名字が小川のボマちゃん、疲労もそっちのけでテンションアップ。
ビバーク地。この日もボマちゃんと筆者は野宿スタイル
【Day 6】
小川岳付近〜黒峰〜弊立神宮
最終日は、行程自体は短いが終盤に破線箇所があったので、気を引き締めてスタートした。ガレた急勾配のトンギリ山を越え、黒峰のピークに立つと、そこには阿蘇の全貌が広がっていて、雄大な九州の地形のパノラマが広がっていた。旅の終わりが近づいているのを実感した瞬間だった。
最後のピーク、黒峰から阿蘇山を望む。
またルートファインディングを怠らずに進むと、午前中のうちに今回のゴールに設定していた弊立神宮に到着した。無事に踏破できたお礼の参拝を済まして、僕たちの5泊6日、190kmの山旅は終わった。
最後に参拝。
スタートとゴールを自分で決めて山々を繋ぐ旅は、昨今の相次ぐ自然災害の影響もあって、地形図を見ながらネットで調べても定かな行程はなにも決まらない。
長い旅の中ではアスファルトを20km以上も歩くこともあったけど、退屈には思わなかった。それはきっと思惑通りがひとつもなく、常に冒険心がくすぐられてるからなのかな。
こんなコロナ渦の中なのに、街で人と関わりを持てば持つほど、優しさやおもてなしをありがたく頂戴できて、ローカルの空気感をたっぷり感じることができました。

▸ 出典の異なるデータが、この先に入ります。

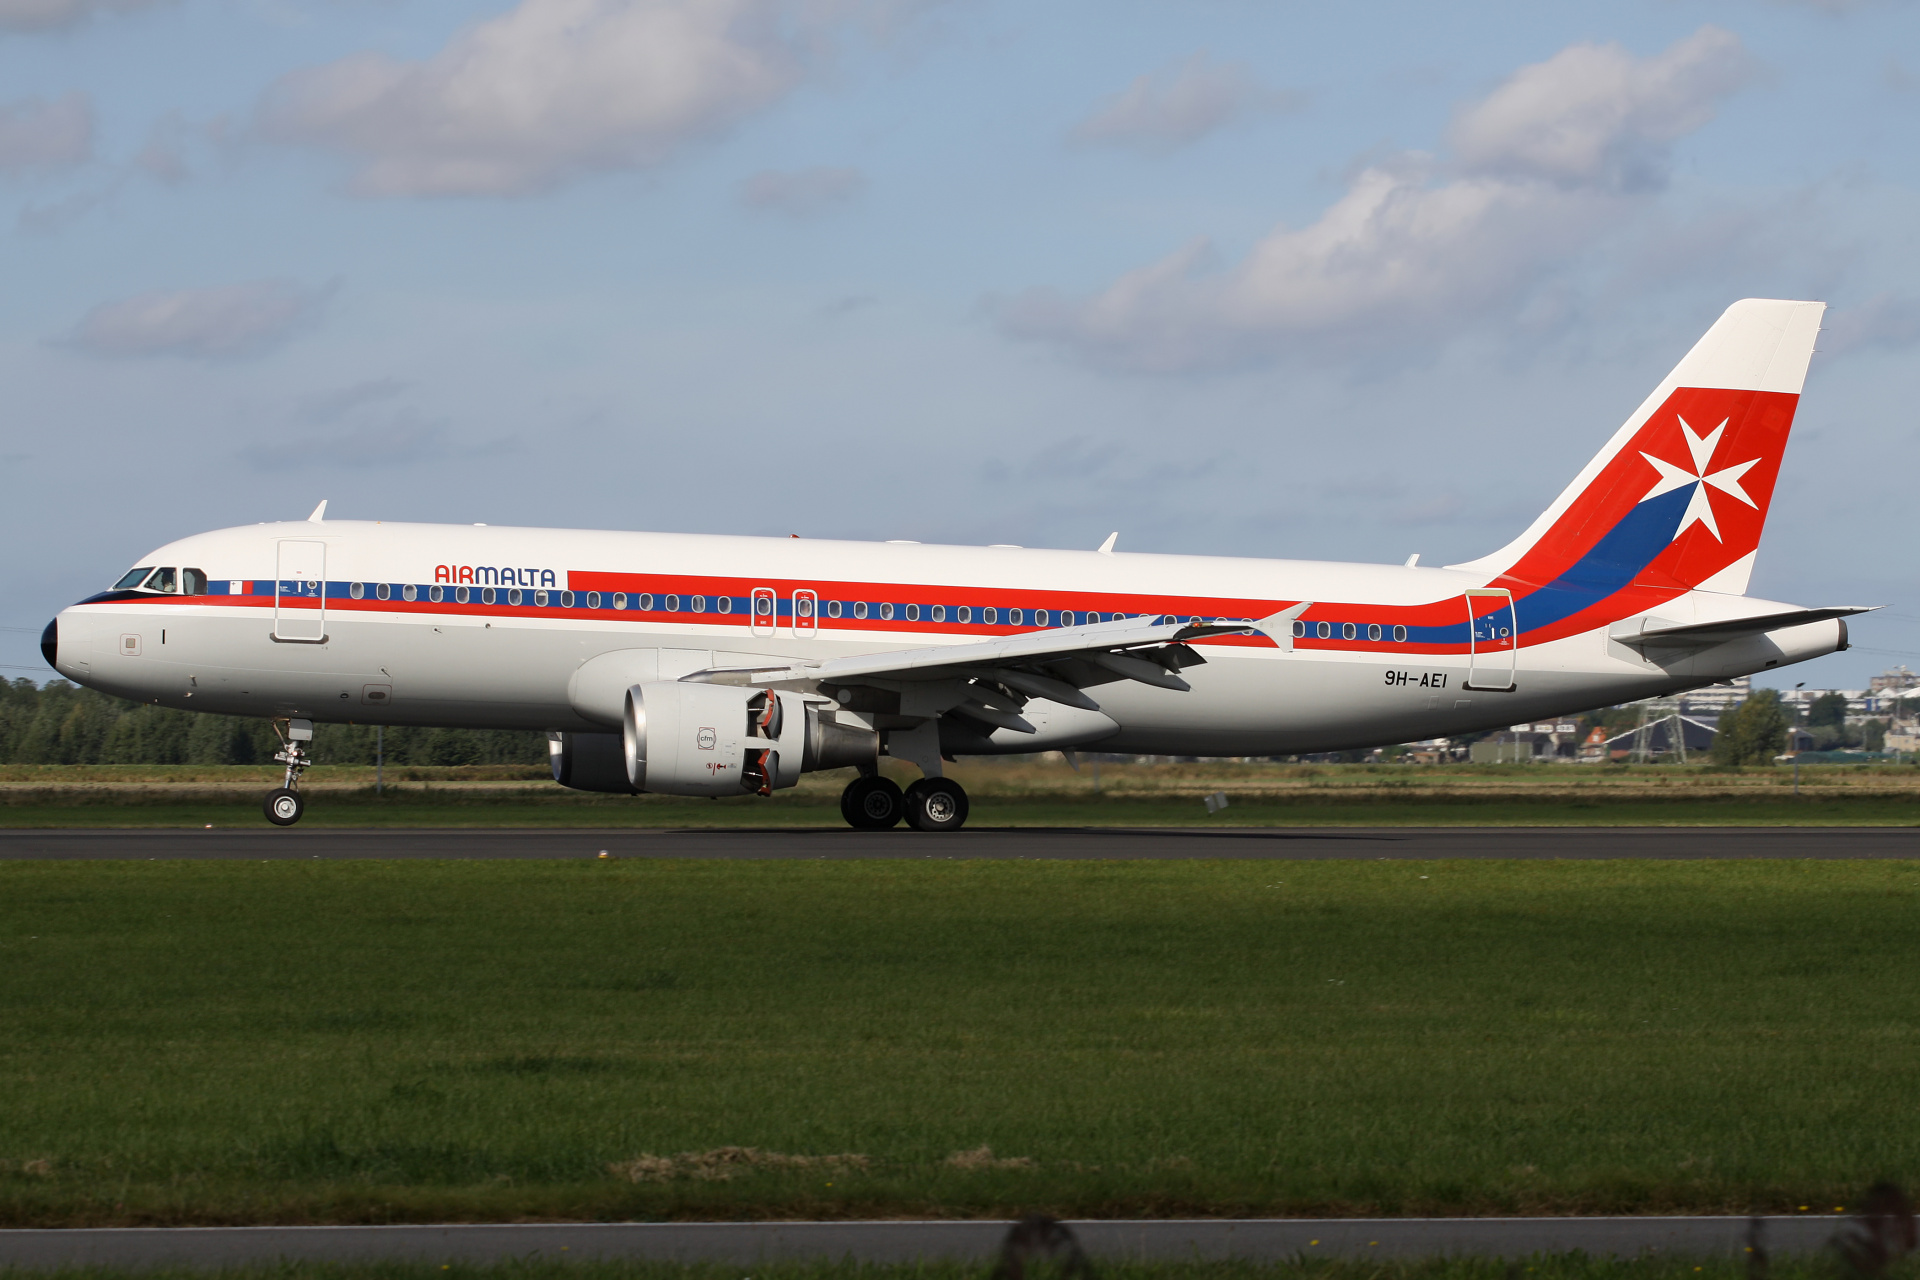 9H-AEI, Air Malta (retro livery) (Aircraft » Schiphol Spotting » Airbus A320-200)
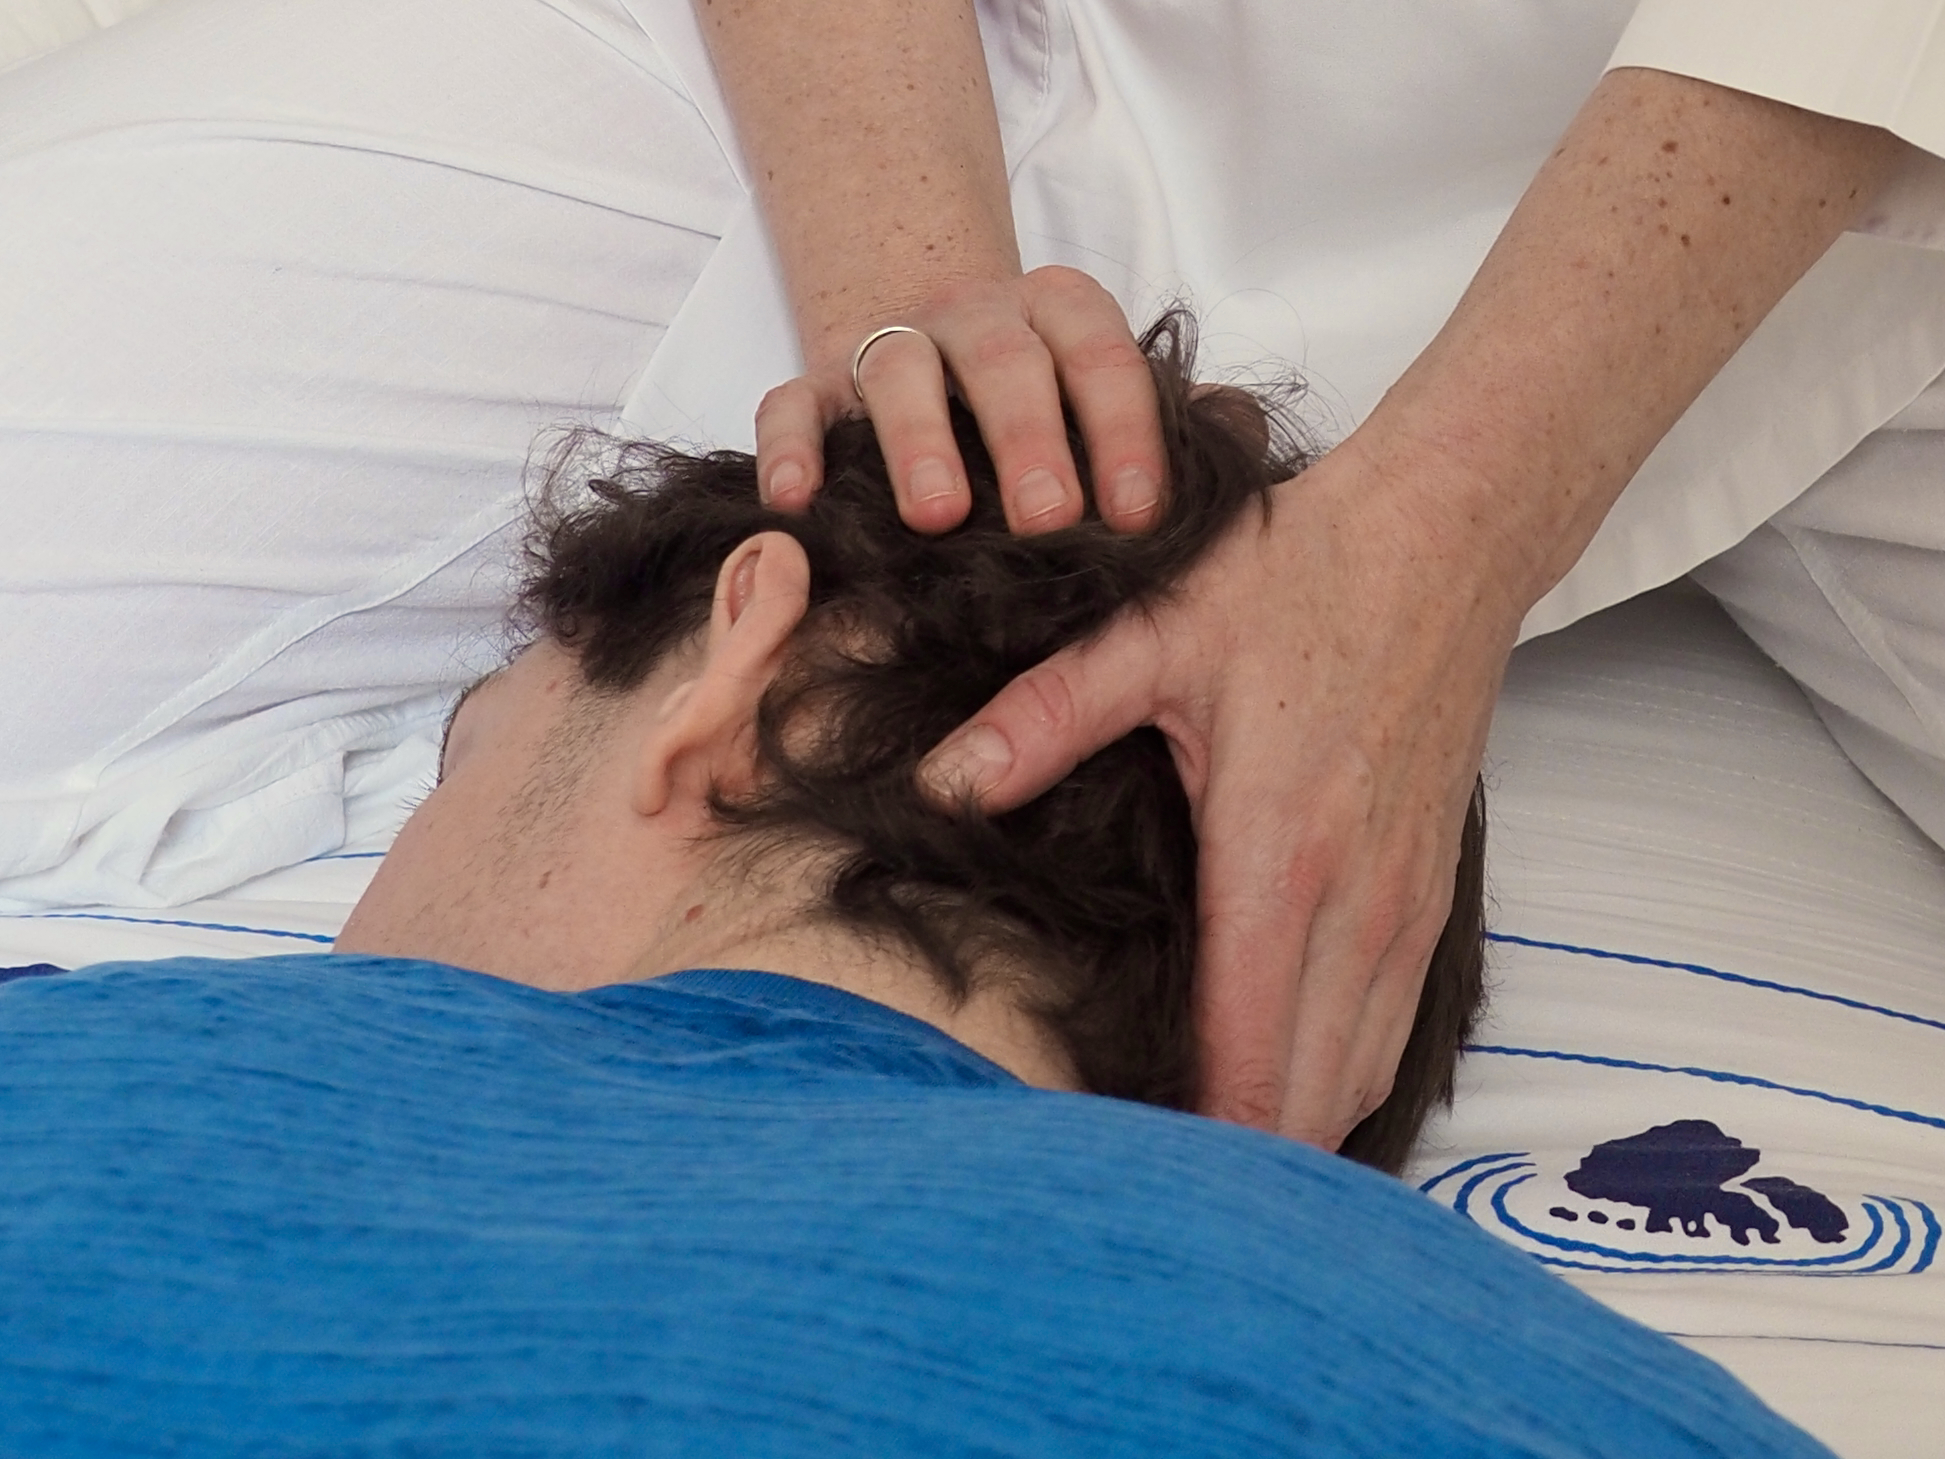 Alexandra Gelny bei einer Sei-Ki Behandlung am Kopf (Nahaufnahme).

鹿児島で前夜祭を共にしてくれた友達も、霧島まで送ってくれた友達も、えびのの街で優しくしてくれた人も、あさぎり町で関わってくれた人も、山都町でおもてなしてくれた人も、熊本の夜も、帰り際に博多で出迎えてくれた友達も、楽しい旅を与えてくれてありがとうございました。そして、どんな状況も笑い絶えずやり通せる仲間にもありがとう。
旅を終えると、いつも感謝しか出てこない。
旅は準備や予習はたくさんして、そのプロセスごと楽しむ事も大切だと思うけど、自分たちの国だからこそある安心感に委ねて、ローカルに甘えてみたり、行き当たりばったりを楽しんでみるのもいいもんです。そんな風に思わせた1週間の旅でした。
GEAR LIST
Base weight: 3,224g
*ベースウェイトは食事・水・燃料などの消耗品を除く装備の重量です。
装備一式。
NOTICE
- 履き込んだ薄底のシューズ(ゼロシューズのメサトレイル)を長距離ハイクで試験的に使ってみたが、長い林道の下りでふくらはぎに痛みが出た。面白い靴だがロングに選ぶべきではなかった。
- 携帯電話の地形アプリを使う時間が多いなか、モバイルバッテリーの容量が少なすぎた。こういうスタイルの場合は余裕をみてもっていくべきと反省した。
- 山と道オンリーフードが山と街を繋ぐ中で大活躍だった。常に首に置いていたが、山での用途は言うまでもなく、街では口を覆って使った。